Furthermore, Table 2 shows that in the detection of eye landmarks in the movement image series, the incorrect detection rate of NH-FLDM was 27.6% and the incorrect detection rate of FP-FLDM was 17.1%. In addition, patients with severe facial paralysis have extremely abnormal facial features and are considered difficult samples for landmark detection models. When the NH-FLDM detected the eye landmarks of facial paralysis patients with scores of 5 and 6, the incorrect detection rates were 5.7% and 6.7%, respectively, while those of FP-FLDM were only 4.8% and 1.9%, respectively, indicating a significantly better effect of FP-FLDM compared with NH-FLDM. These results imply that it is essential to construct a facial landmark detection model for facial paralysis patients and that the eye landmark detection model constructed in this study is suitable for patients with facial paralysis.

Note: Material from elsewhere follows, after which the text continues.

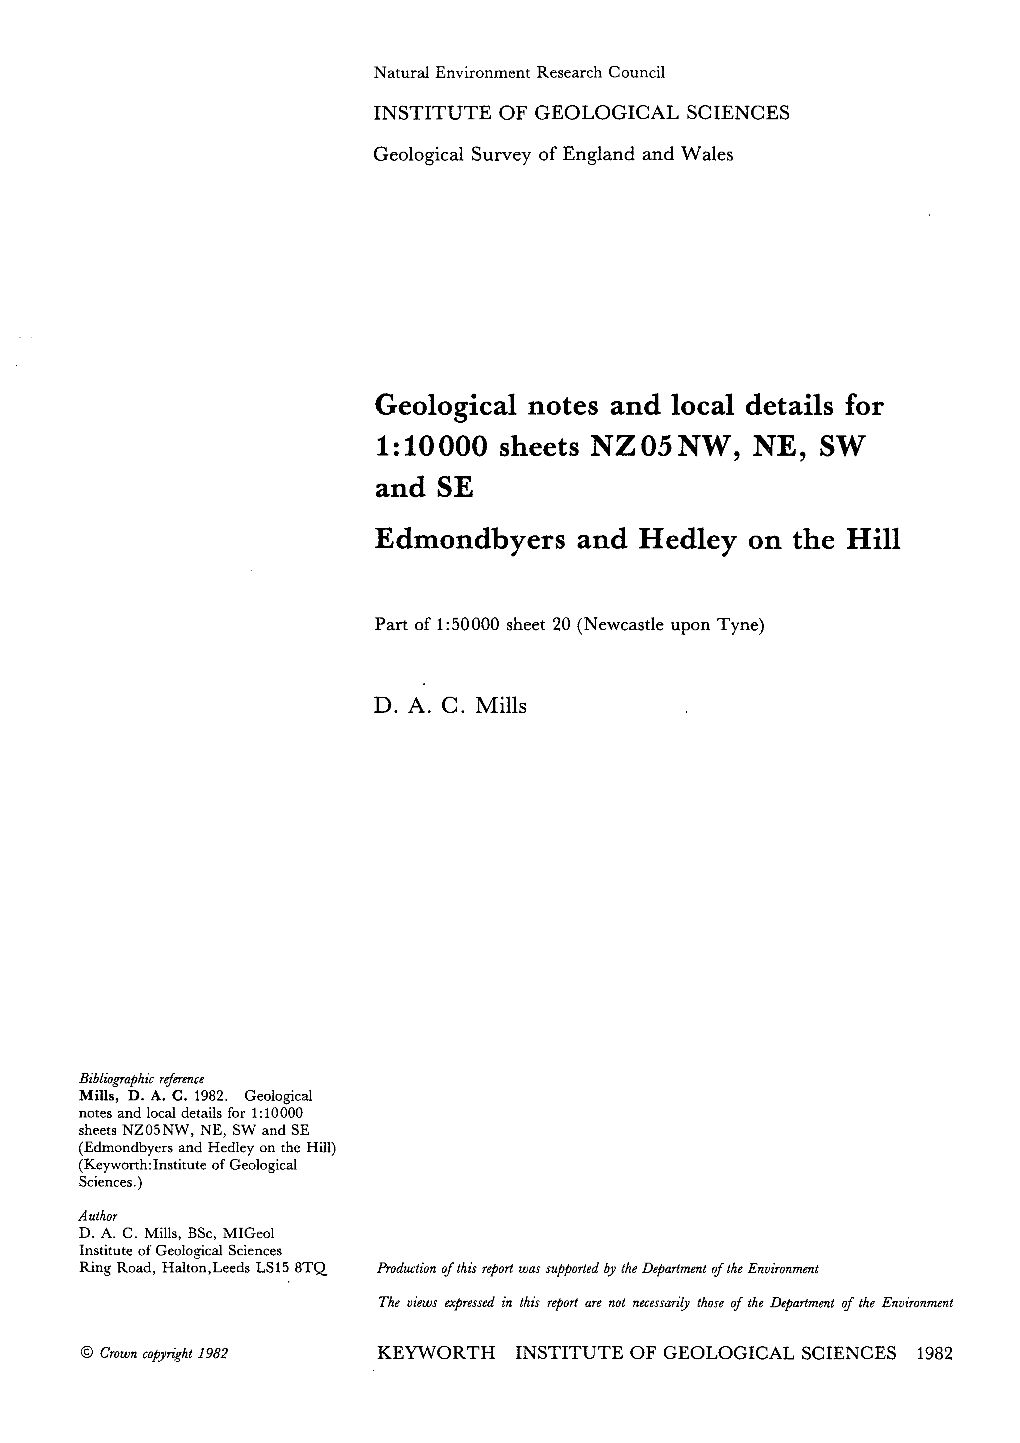 WA/DM/82/53 Geological Notes and Local Details for 1:10 000 Sheets NZ05NW, NE, SW and SE Edmondbyers and Hedley on the Hill: Pa

As an exploratory study, several experiments await completion in the future. Table 5 shows that the severity of the eye region of facial paralysis patients cannot fully represent the final score of the facial paralysis patient. Therefore, we still need to explore the corresponding indicators of the eyebrow, nose, and mouth to enhance FNGS 2.0 scoring as a fast and accurate objective assessment for facial paralysis based on a small number of indicators. In addition, although the performance of FP-FLDM was superior to NH-FLDM in facial paralysis patients, Table 1 shows that 17.1% of patient samples were still not accurately detected. Therefore, the performance of the eye landmark detection model constructed in this paper awaits further improvement.

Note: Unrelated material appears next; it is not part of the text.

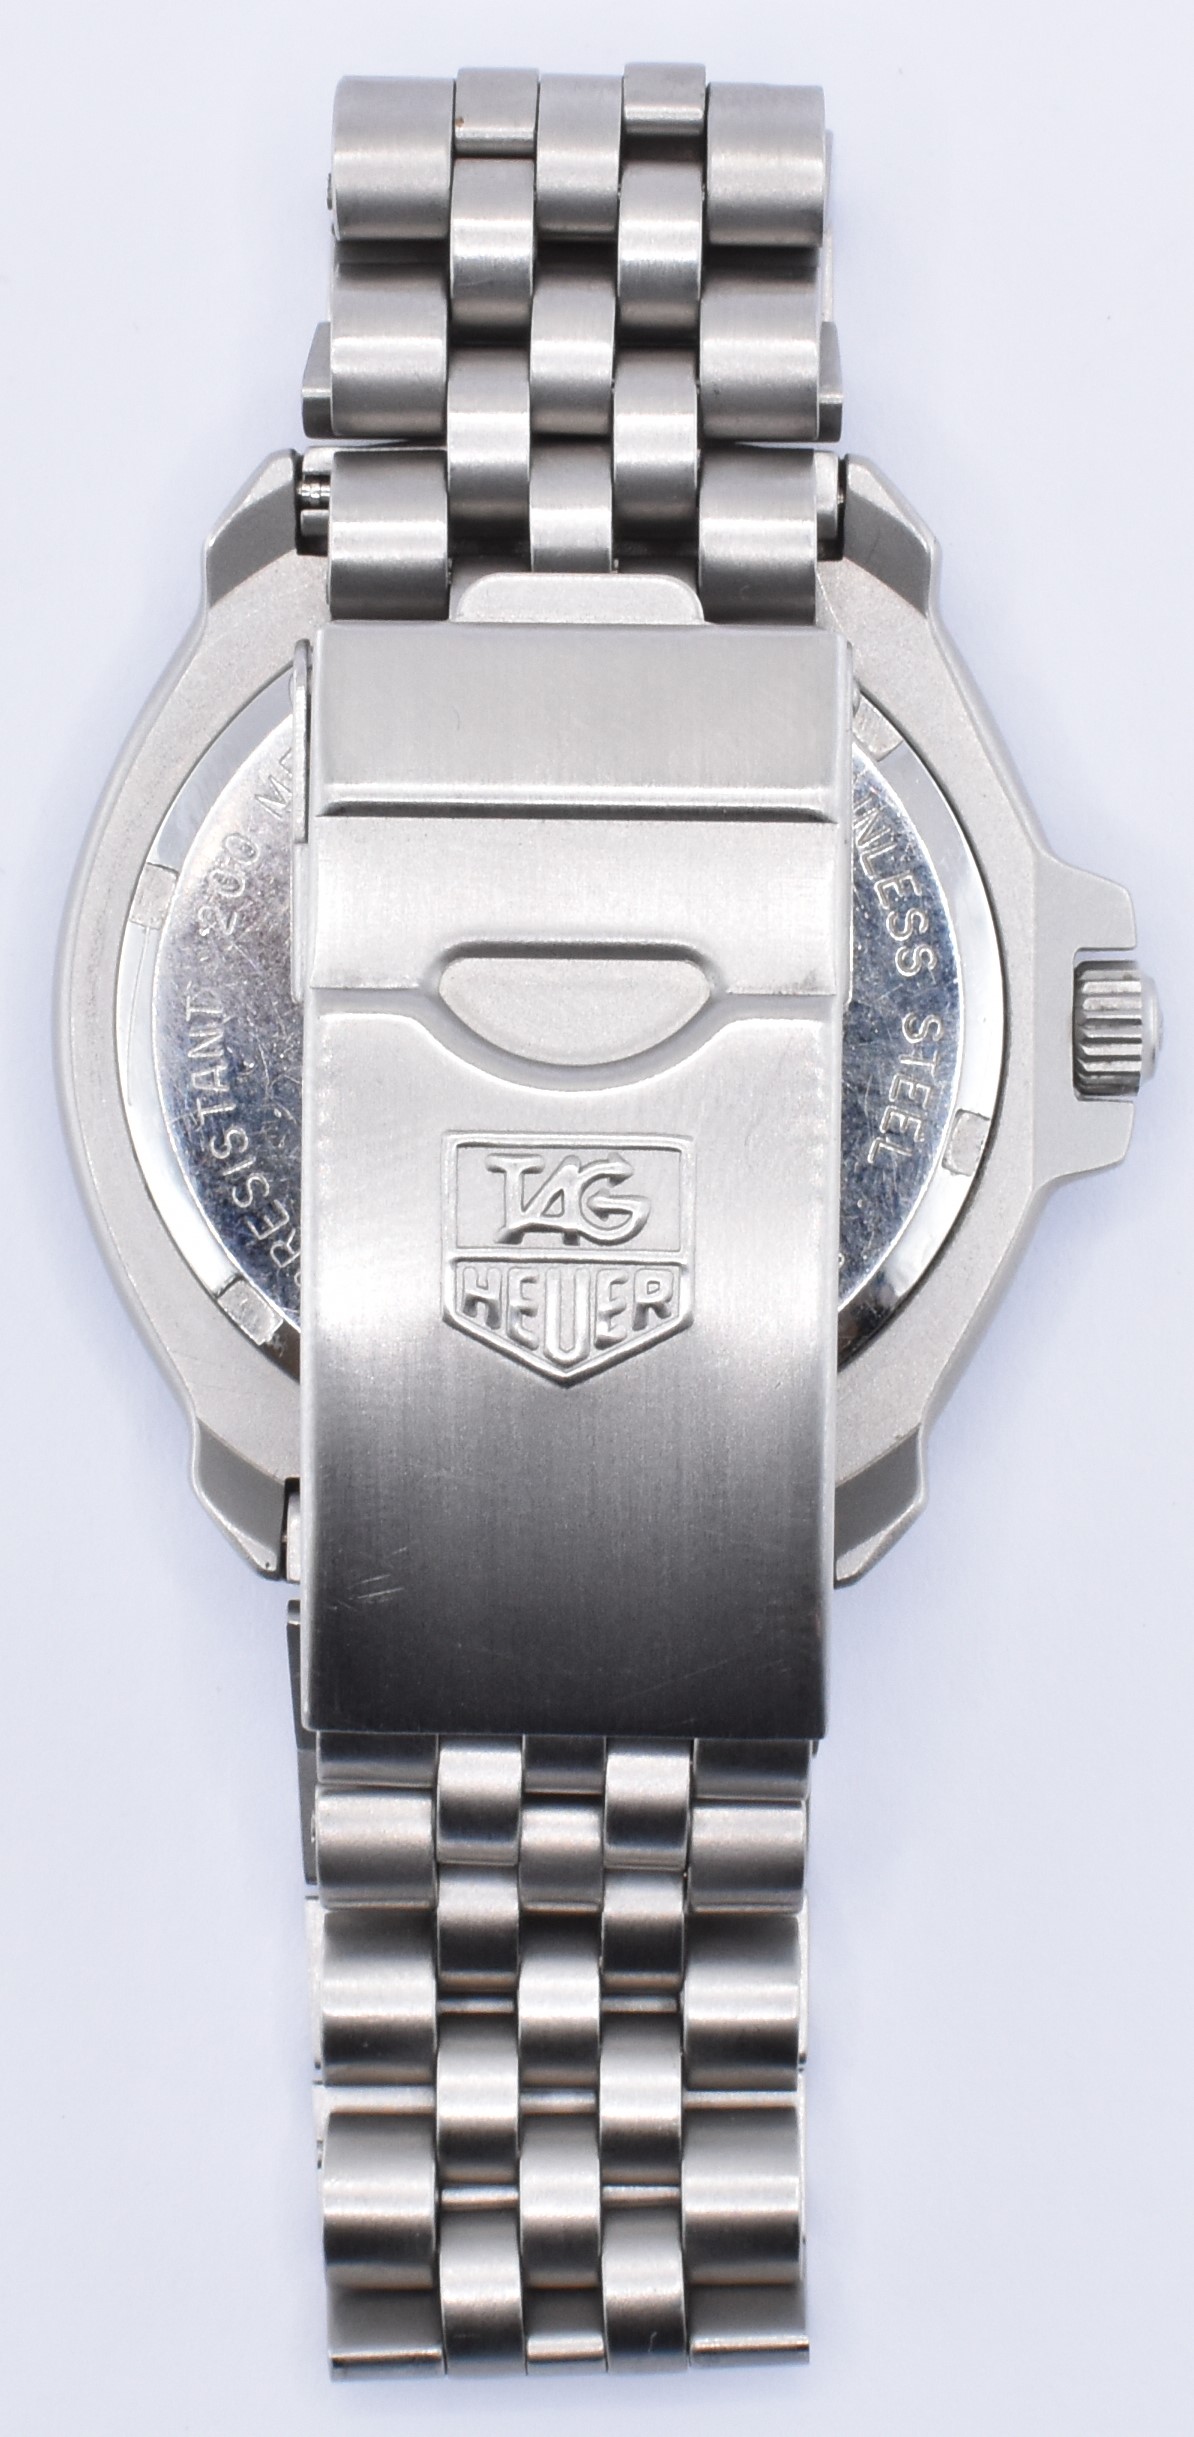 TAG HEUER STAINLESS STEEL DIVERS WATCH - Image 3 of 5

In this study, a 10-fold cross-validation method was used to randomly divide 87 samples into 10 samples. One percent of the samples was selected for each test, and the other 10% was used to construct the EAR feature dataset. The eigenvalues and FNGS2.0 scores were divided into six categories. The process was repeated 10 times, and the average accuracy was 85.2%.

5. Conclusion

In this study, face image data of facial paralysis patients were used as a training set, and a facial landmark detection model for facial paralysis patients was constructed to calculate the EAR. The incorrect detection rate of this model for the eye region of facial paralysis patients was 17.1%, an improvement over currently available detection models. Detection and calculation using the constructed detection model yielded the difference in bilateral EAR of 87 facial paralysis patients. Subsequently, the relationship between the FNGS 2.0 score and the corresponding bilateral EAR difference was analyzed, and the correlation analysis results showed that the two were highly correlated, with a correlation coefficient of 0.9673. By implementing the proposed method and related experiments, this study proves that the bilateral EAR difference can be applied to the objective and rapid assessment of the severity of facial paralysis.

Data Availability

The raw/processed data required to reproduce these findings cannot be shared at this time as the data also form part of an ongoing study.

Conflicts of Interest

The authors declare that they have no conflicts of interest.

Acknowledgments

The study was supported by Shenzhen Science and Technology Innovation Council (JCYJ20180507182040213, JCYJ20170818141853626), Guangdong Key Basic Research grant (2018B030332001), and Guangdong Pearl River Talents Plan (2016ZT06S220).